▶ [YOUR ASSIGNMENT]: Output exactly the line that includes "2029 air conditioning" and all the lines after it through the end of the listing below, and nothing more.

Content starts

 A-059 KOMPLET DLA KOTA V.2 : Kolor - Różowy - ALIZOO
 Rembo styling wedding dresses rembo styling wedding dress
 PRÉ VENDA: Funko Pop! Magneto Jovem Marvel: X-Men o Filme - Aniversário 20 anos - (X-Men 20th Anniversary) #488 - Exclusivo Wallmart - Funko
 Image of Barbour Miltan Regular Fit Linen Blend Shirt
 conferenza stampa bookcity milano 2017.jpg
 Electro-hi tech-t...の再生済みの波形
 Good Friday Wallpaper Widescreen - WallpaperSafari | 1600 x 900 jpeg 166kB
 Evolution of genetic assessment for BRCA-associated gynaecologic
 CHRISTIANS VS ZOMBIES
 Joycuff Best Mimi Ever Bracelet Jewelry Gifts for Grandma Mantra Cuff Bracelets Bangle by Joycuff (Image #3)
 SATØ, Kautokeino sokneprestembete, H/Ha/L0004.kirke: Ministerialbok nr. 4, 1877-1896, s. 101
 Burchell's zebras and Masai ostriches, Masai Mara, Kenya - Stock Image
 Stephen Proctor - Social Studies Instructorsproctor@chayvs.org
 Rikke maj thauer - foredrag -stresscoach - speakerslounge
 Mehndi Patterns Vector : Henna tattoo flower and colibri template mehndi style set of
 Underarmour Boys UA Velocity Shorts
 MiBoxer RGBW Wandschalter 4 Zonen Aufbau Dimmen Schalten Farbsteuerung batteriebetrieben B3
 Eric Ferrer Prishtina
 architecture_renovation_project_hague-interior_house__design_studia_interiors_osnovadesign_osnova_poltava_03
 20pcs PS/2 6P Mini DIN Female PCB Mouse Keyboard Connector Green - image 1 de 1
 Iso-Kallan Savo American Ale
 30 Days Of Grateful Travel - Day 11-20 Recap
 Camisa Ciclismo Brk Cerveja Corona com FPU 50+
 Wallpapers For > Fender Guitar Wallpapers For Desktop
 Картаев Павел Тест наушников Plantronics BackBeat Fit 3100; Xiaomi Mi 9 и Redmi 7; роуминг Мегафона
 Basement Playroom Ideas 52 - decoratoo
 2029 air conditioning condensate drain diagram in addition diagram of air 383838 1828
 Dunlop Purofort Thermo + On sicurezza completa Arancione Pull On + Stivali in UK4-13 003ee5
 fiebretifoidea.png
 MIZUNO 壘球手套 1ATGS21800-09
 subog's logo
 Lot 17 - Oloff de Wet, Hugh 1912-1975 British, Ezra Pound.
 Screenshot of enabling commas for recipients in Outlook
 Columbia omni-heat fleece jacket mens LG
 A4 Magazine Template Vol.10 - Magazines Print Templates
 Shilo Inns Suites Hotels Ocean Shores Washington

Content ends

▶ [RESPONSE TO THIS EXERCISE]:
 2029 air conditioning condensate drain diagram in addition diagram of air 383838 1828
 Dunlop Purofort Thermo + On sicurezza completa Arancione Pull On + Stivali in UK4-13 003ee5
 fiebretifoidea.png
 MIZUNO 壘球手套 1ATGS21800-09
 subog's logo
 Lot 17 - Oloff de Wet, Hugh 1912-1975 British, Ezra Pound.
 Screenshot of enabling commas for recipients in Outlook
 Columbia omni-heat fleece jacket mens LG
 A4 Magazine Template Vol.10 - Magazines Print Templates
 Shilo Inns Suites Hotels Ocean Shores Washington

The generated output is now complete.